Got a great deal 12 months ago on a set of raingear produced by Cross a Swedish Company. after 12 months of activity i have been impressed by its performance--
it works brillantly even in the worst weather conditions faced on the course.
Cross being a swedish company are well versed in making winter clothing for their harsh climate.

If anyone is seeking new raingear i would recommend they look at Cross.


----------



## theeaglehunter (Feb 13, 2009)

Never seen their waterproofs (I now intend to have a look) but I have some cross polos and they are great, I would definitely recommend them as a brand.


----------



## andiritchie (Feb 14, 2009)

http://www.golfposer.com/list-23-prodlist-

My girlfriend has Cross waterproof suit,which lokks very nice,iam a big fan of there clothes,i have a windstopper which fits nicely


----------



## thecraw (Feb 14, 2009)

I have a couple of pairs of their H20ff trousers and they are excellent, very smart.

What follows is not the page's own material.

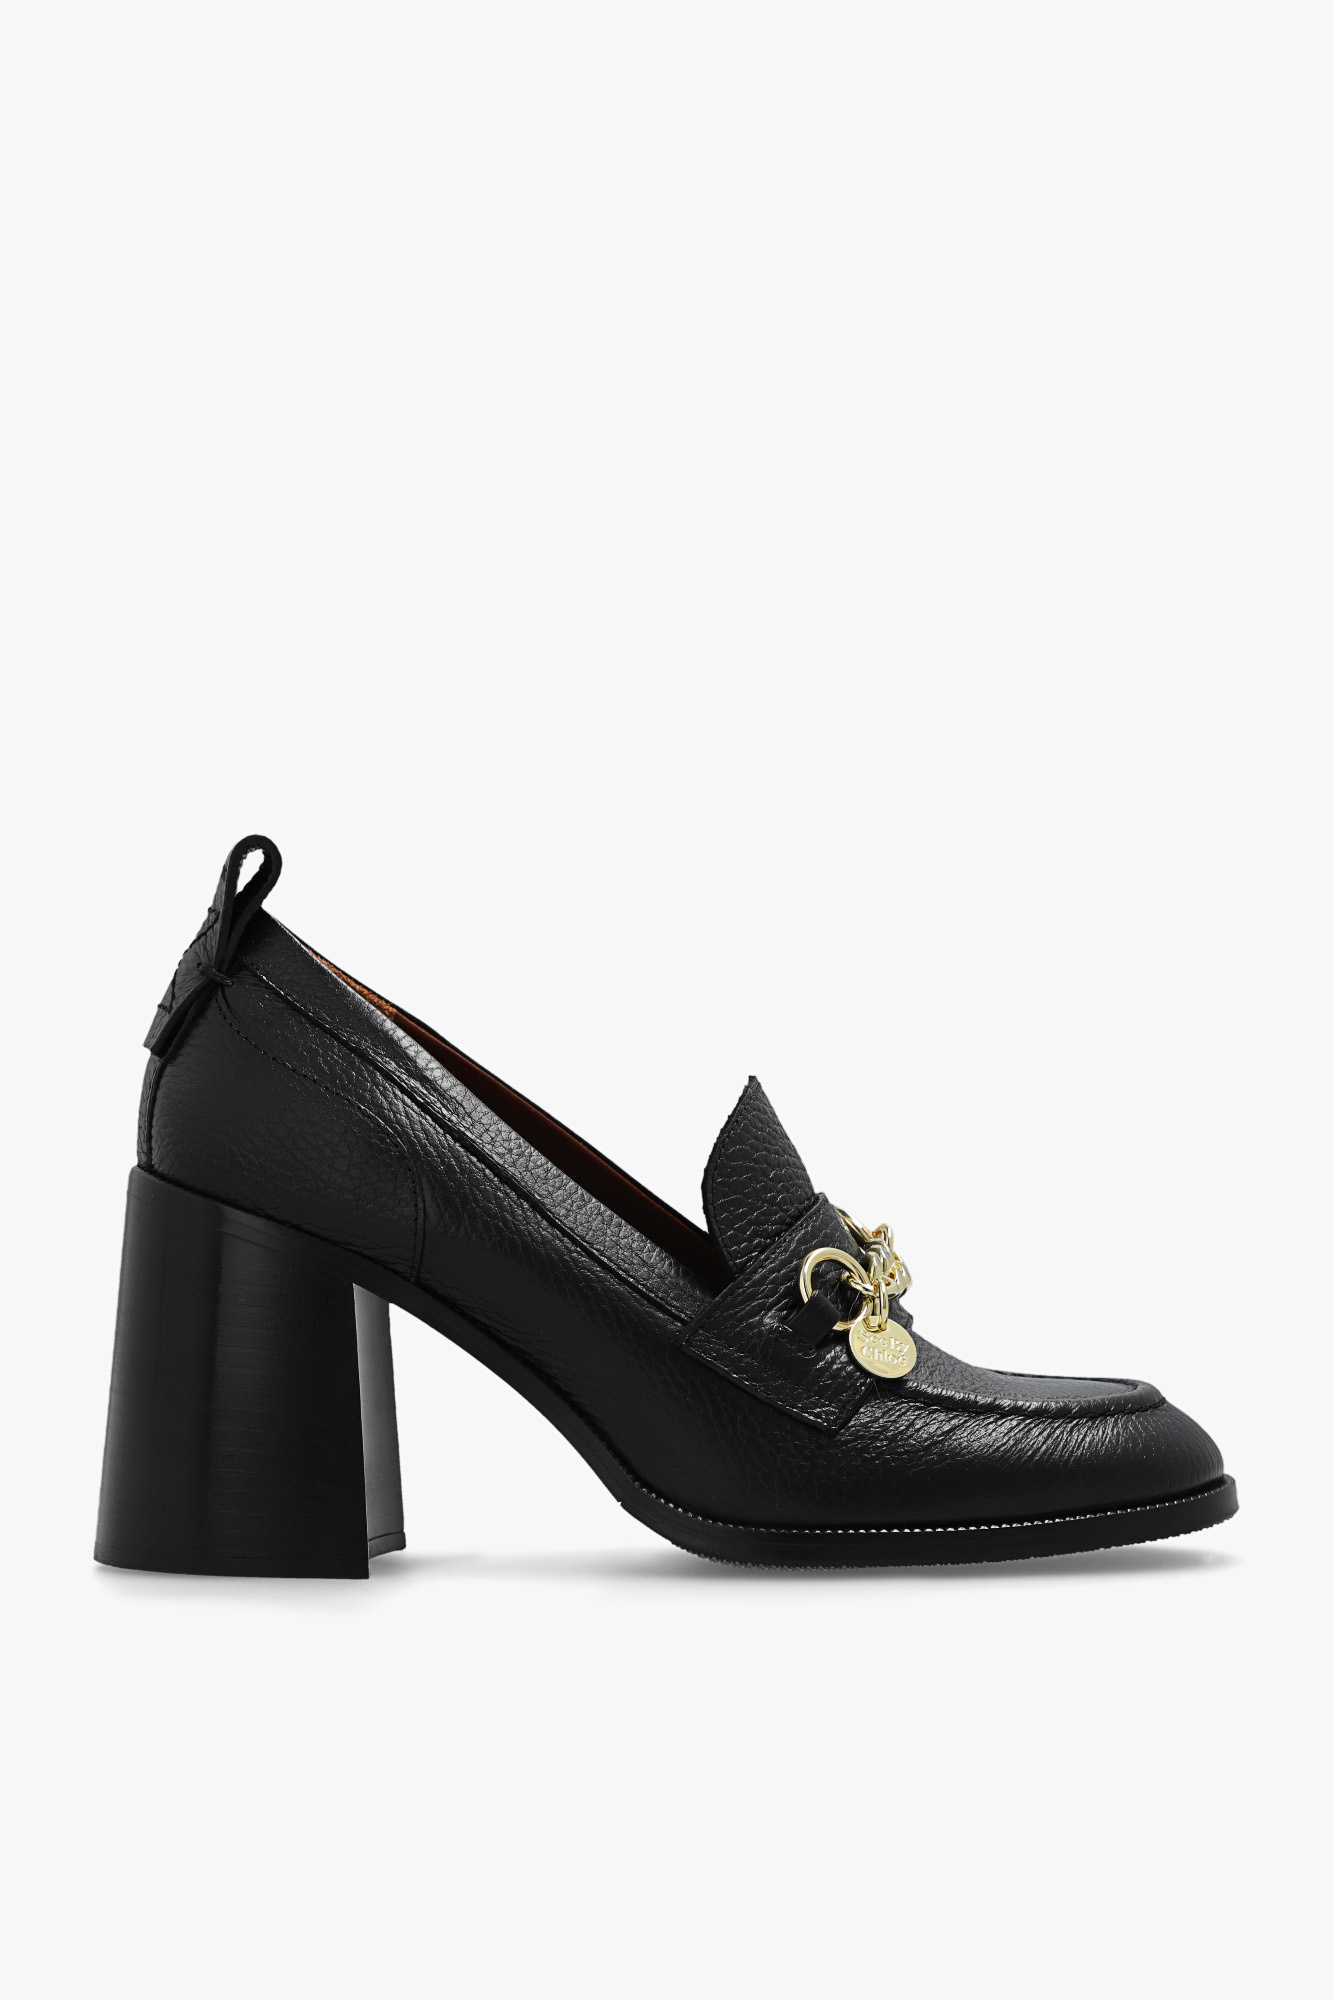 See By Chloé ‘Aryel’ loafer pumps | Women's Shoes | Vitkac

However I also have a pair of their waterproof trousers which after about 12 months began to leak very badly on the thighs when faced with driving rain. They are now dog walking trousers.

My mate has a full suit and he loves it so I guess I have just been unlucky.


----------



## Socket_Rocket (Feb 15, 2009)

Ive had Cross rainwear and still going with cross as there stretch jackets are just so comfortable as they move when you swing and are also very quite and dont rustle like some gore-tex ones do. I got my set from a website called Maximus Golf, sounds like something out of 'Gladiator' and i got some tee's and a ball marker thrown in free of charge!

My suit is the Red Pro pullover which you can unzip the sleeves to make it a half sleeve which is great in spring and autumn, with the stretch trousers as well and its been great.

Worth a shout cross waterproof suits A1


----------